CSE faculty funded for three precision health projects

The CSE faculty include Prof. David Fouhey, Prof. Danai Koutra, Prof. Rada Mihalcea, and Research Scientist Veronica Perez-Rosas.

Three of seven projects funded through the 2019 U-M Precision Health Investigators Awards have Co-PIs with a home in CSE.

Spanning across 19 colleges and schools, Precision Health brings the best and brightest at U-M together to 1) develop fundamental social, medical, computational, and engineering science; 2) translate these basic science discoveries into promising treatments that are evaluated in partnership with Michigan Medicine patients and regional health systems; and 3) evaluate and increase the public health impact of effective therapies, working with community health systems, policy makers, and payers to implement these therapies nationally.

These three CSE-related projects are highlighted below. Each team of Investigators Awards recipients will be funded with $300,000 over two years to pursue their research.

Characterizing and Understanding Time-varying Functional Connectivity States via Network Science and Deep Neural Networks

Prof. Danai Koutra and Chandra Sripada, Associate Professor of Psychiatry and Philosophy, have been funded for their project, “Characterizing and Understanding Time-varying Functional Connectivity States via Network Science and Deep Neural Networks.”

Regarding the project, Prof. Koutra says, “The field of dynamic functional connectivity (dFC) is a newly booming and exploratory branch of neuroscience aimed at understanding how the connectivity (i.e., relationships across distinct regions of the brain) in functional brain networks may change over time, even in a ‘resting state.’ The overarching aim of our work is to shake up the existing statistical paradigms with entirely new approaches to tackle the complex problem of detecting dynamicity in noisy fMRI data with data-driven techniques that take maximal advantage of both the spatial and temporal granularity of fMRI.

“By taking a multidisciplinary approach that combines neuroscientific principles with cutting-edge computational methods like deep learning and network science, we will contribute a principled, data-driven framework that will provide much needed generalizability, interpretability and reproducibility to the field of dFC. Our work will bring the tenants of precision medicine to the critically important study of dFC. By enabling the robust and precise identification of baseline time-varying FC, our work may lead to better and earlier non-invasive diagnostics for various psychiatric disorders and may help to better understand their functional origins in the brain.”

Precision Counselor: Natural Language Processing for Enhanced Behavior Counseling

Prof. Rada Mihalcea, Research Scientist Veronica Perez-Rosas, and Kenneth Resnicow, Professor of Health Behavior & Health Education have been funded for their project, “Precision Counselor: Natural Language Processing for Enhanced Behavior Counseling.”

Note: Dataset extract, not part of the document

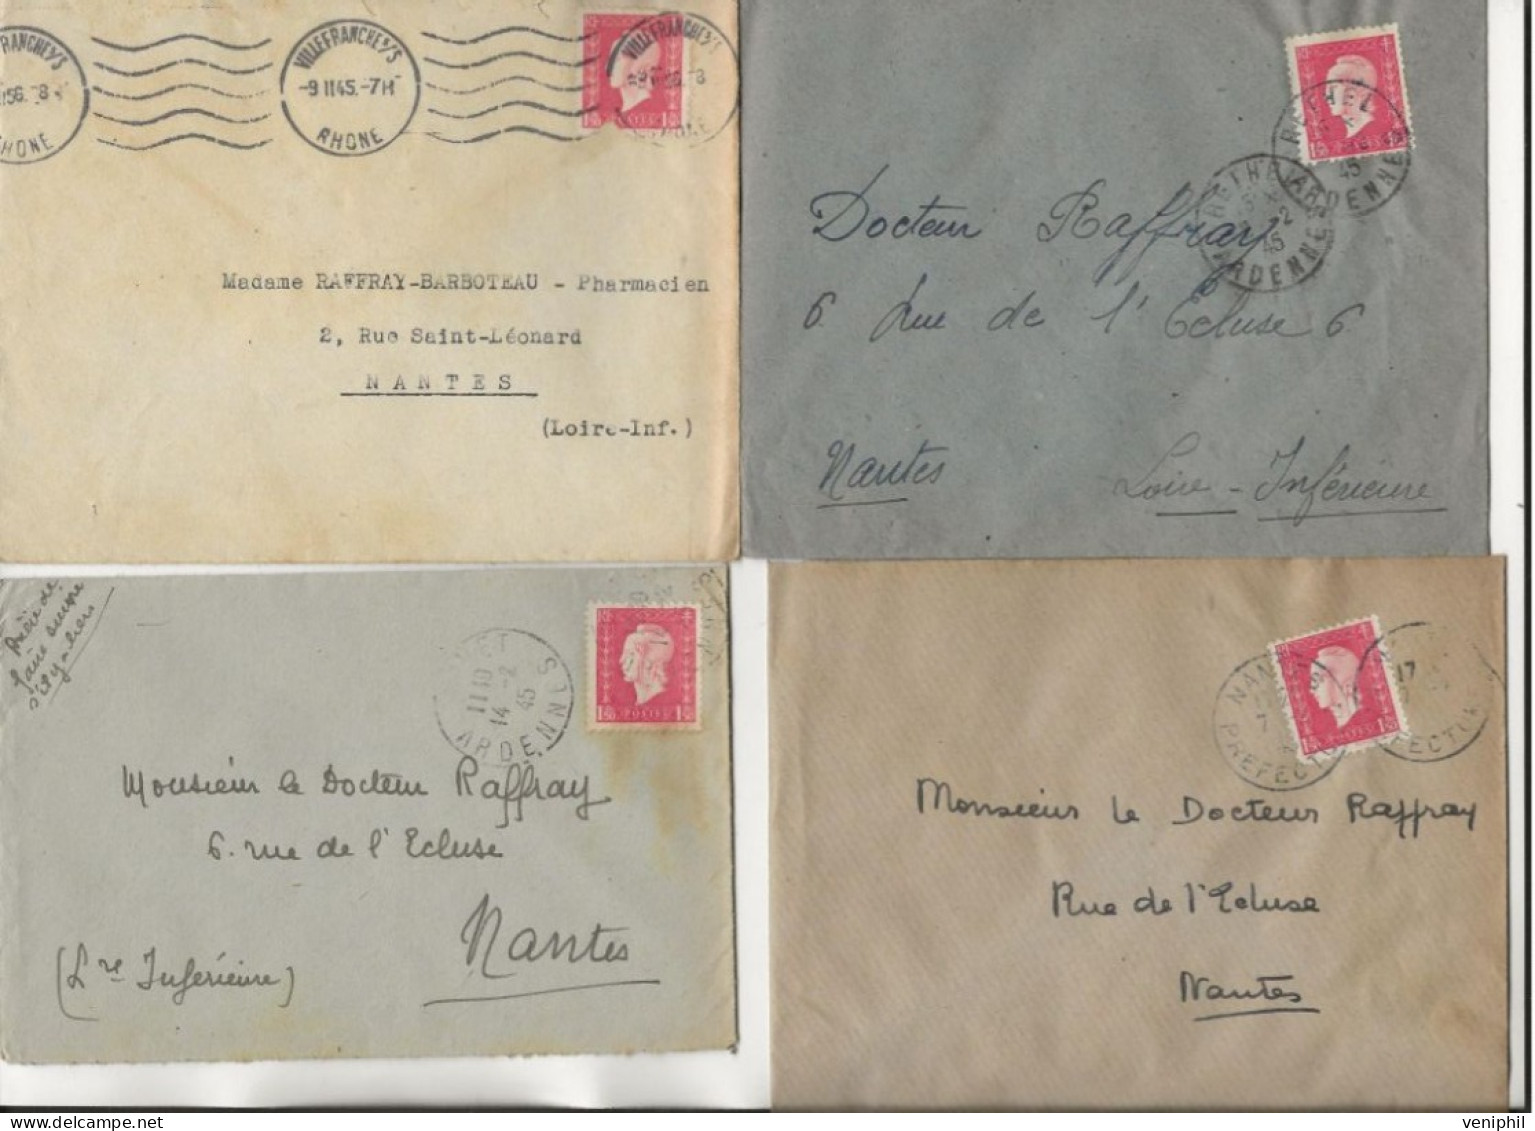 LOT DE 24 LETTRES AFFRANCHIES  TYPE MERCURE N° 682- 685-687-688--684 - LETTRES PUB + CACHETS DIVERS -1945 -COTE + De 90€ - Mechanical Postmarks (Other)

“Patient-centered behavioral counseling for substance abuse, medication adherence, and other behavior changes is a cornerstone of our health care delivery system,” says Prof. Mihalcea. “We are very excited to embark on this collaboration involving expertise in both Artificial Intelligence and Motivational Interviewing to start developing computational methodologies that can assist counselors in their interventions and allow them to receive timely and cost-effective feedback.”

Precision Diagnosis in Patients with Acute Dyspnea by Linking Imaging and Clinical Data

Prof. David Fouhey and Michael Sjoding, Assistant Professor of Internal Medicine-Pulmonary/Critical Care, have been funded for their project “Precision Diagnosis in Patients with Acute Dyspnea by Linking Imaging and Clinical Data.”

“Our work investigates how best to develop algorithms that combine data from digital images with clinical data from the electronic health record to support medical diagnosis,” Prof. Sjoding says. “Our focus is on the diagnosis of acute respiratory and cardiac conditions in hospitalized patients. I am a practicing pulmonary and critical care physician at Michigan Medicine, and my Co-PI, David Fouhey, is an expert in computer vision at the College of Engineering. This work leverages our joint expertise and the extensive clinical data resources available through Precision Health.”